* _Recorded information_
Content starts

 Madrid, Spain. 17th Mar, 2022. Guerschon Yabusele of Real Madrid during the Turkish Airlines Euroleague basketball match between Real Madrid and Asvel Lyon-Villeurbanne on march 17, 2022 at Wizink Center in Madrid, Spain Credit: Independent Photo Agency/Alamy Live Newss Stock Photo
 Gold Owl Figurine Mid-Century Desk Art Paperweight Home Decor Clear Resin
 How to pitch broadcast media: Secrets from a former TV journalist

Content ends
Content starts

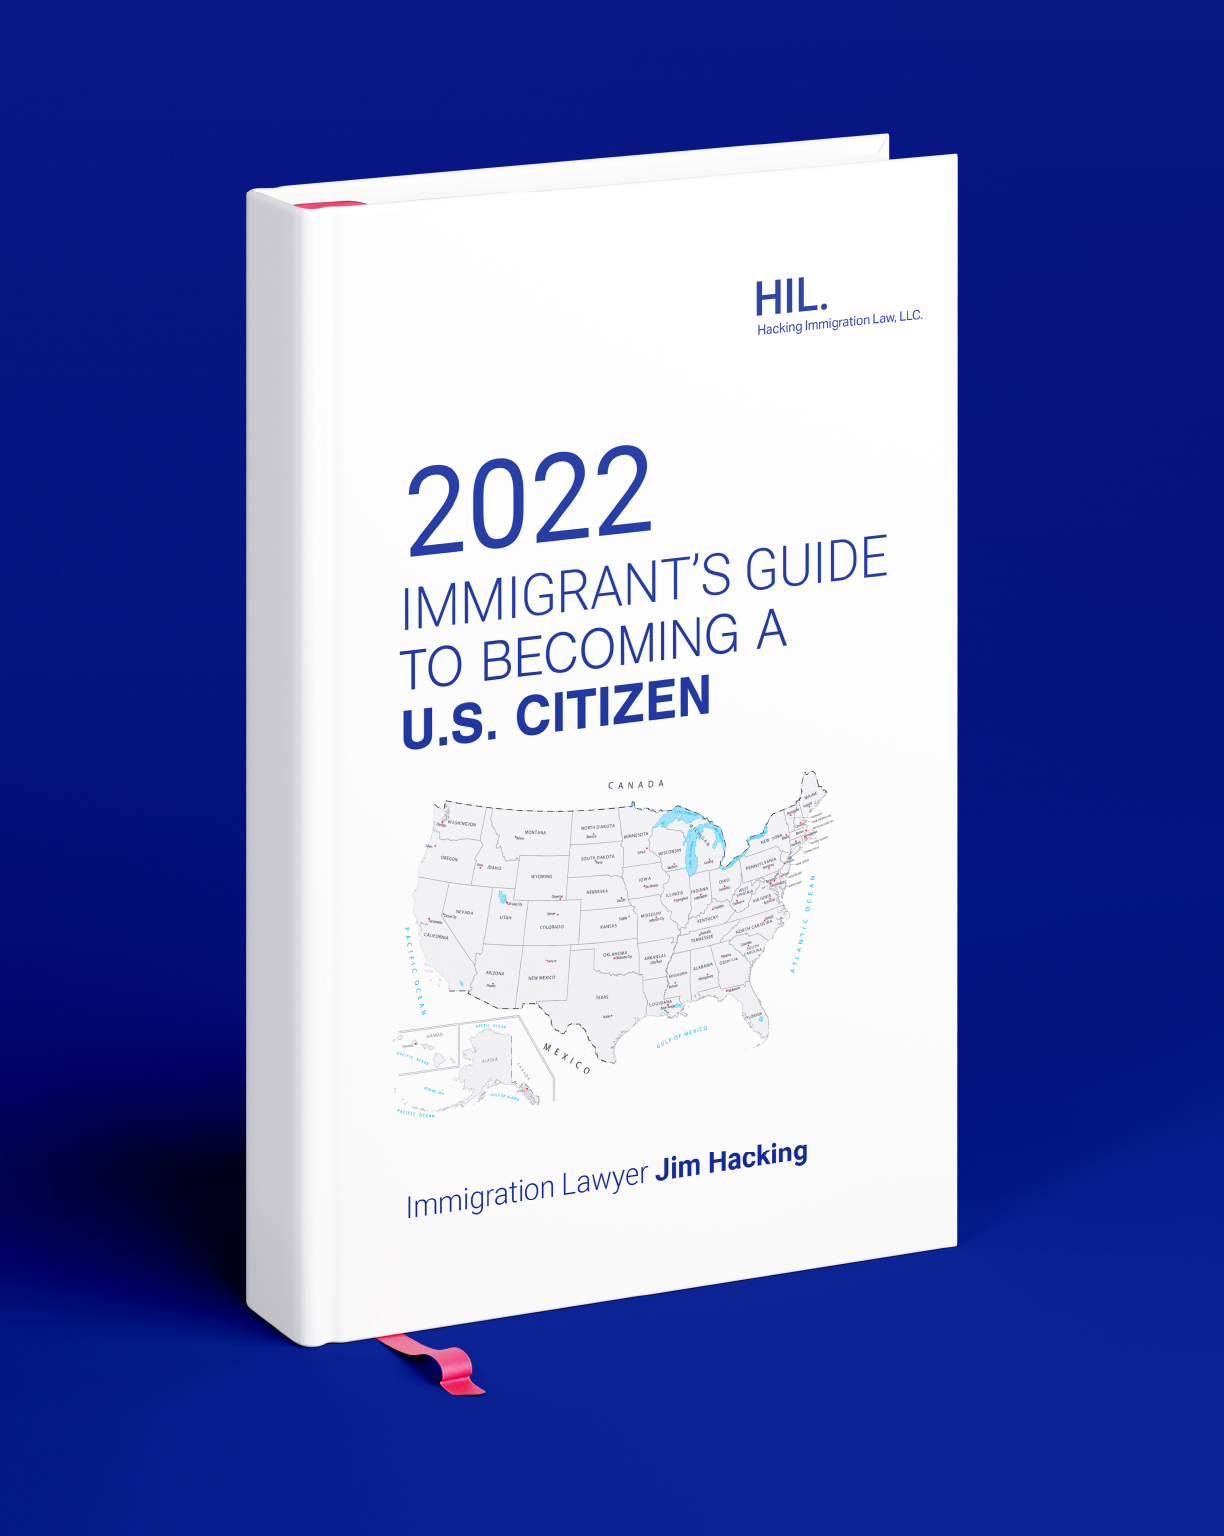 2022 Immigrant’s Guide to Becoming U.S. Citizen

Content ends
Content starts

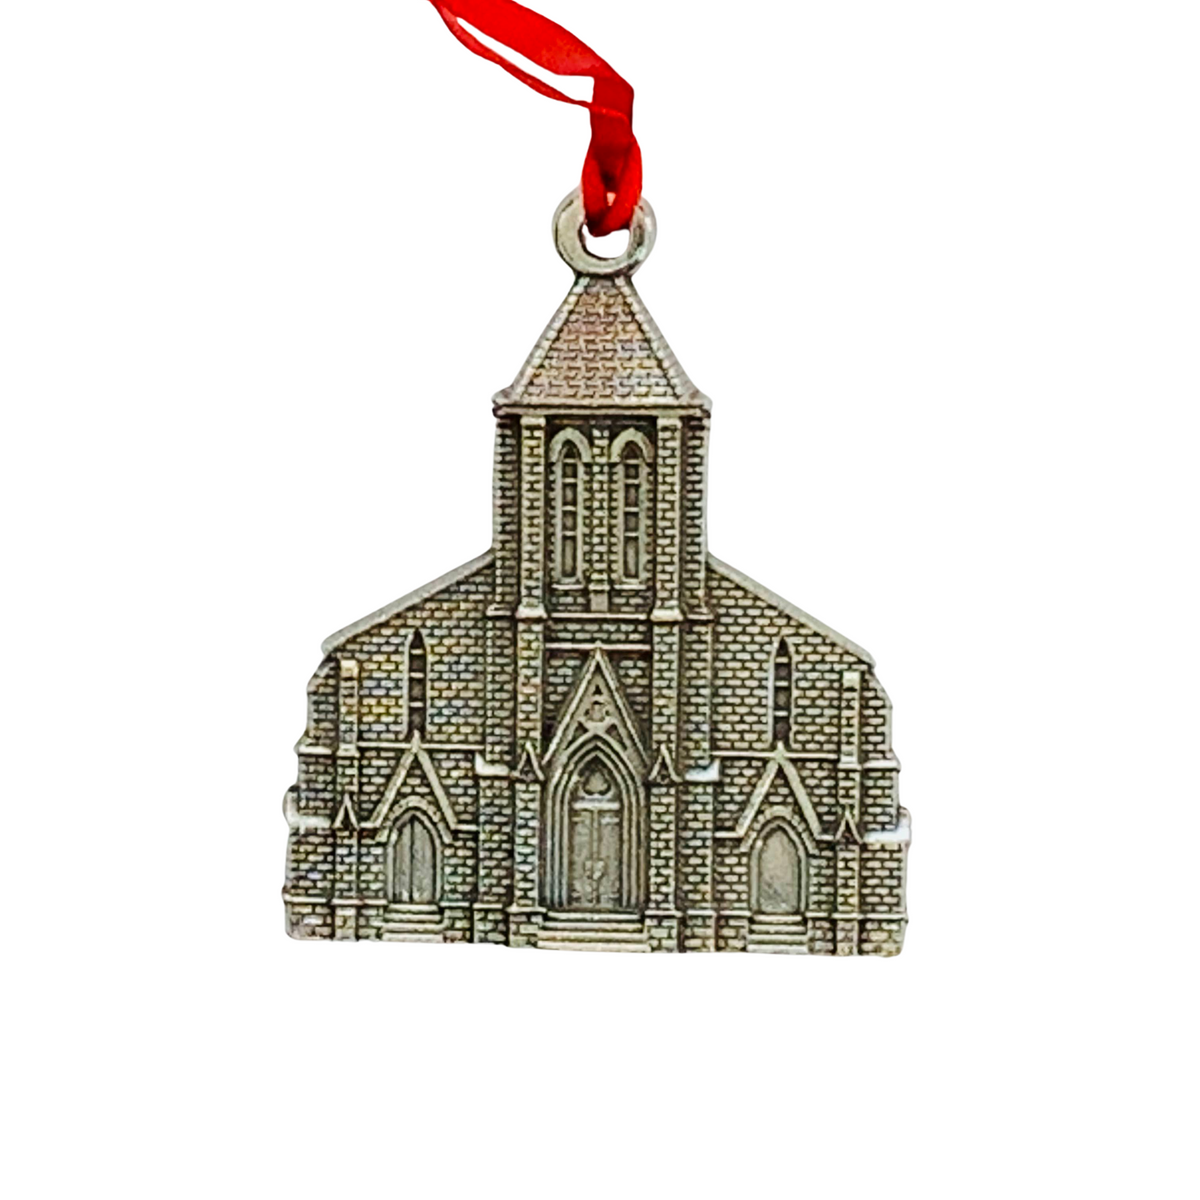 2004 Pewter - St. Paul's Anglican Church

Content ends

* _What you are asked to do_
In the entries above, the lines between the one holding "Gold Owl Figurine" and the one holding "How to pitch", inclusive, are to be printed exactly as written, and those alone.

* _Answer to this task_
 Gold Owl Figurine Mid-Century Desk Art Paperweight Home Decor Clear Resin
 How to pitch broadcast media: Secrets from a former TV journalist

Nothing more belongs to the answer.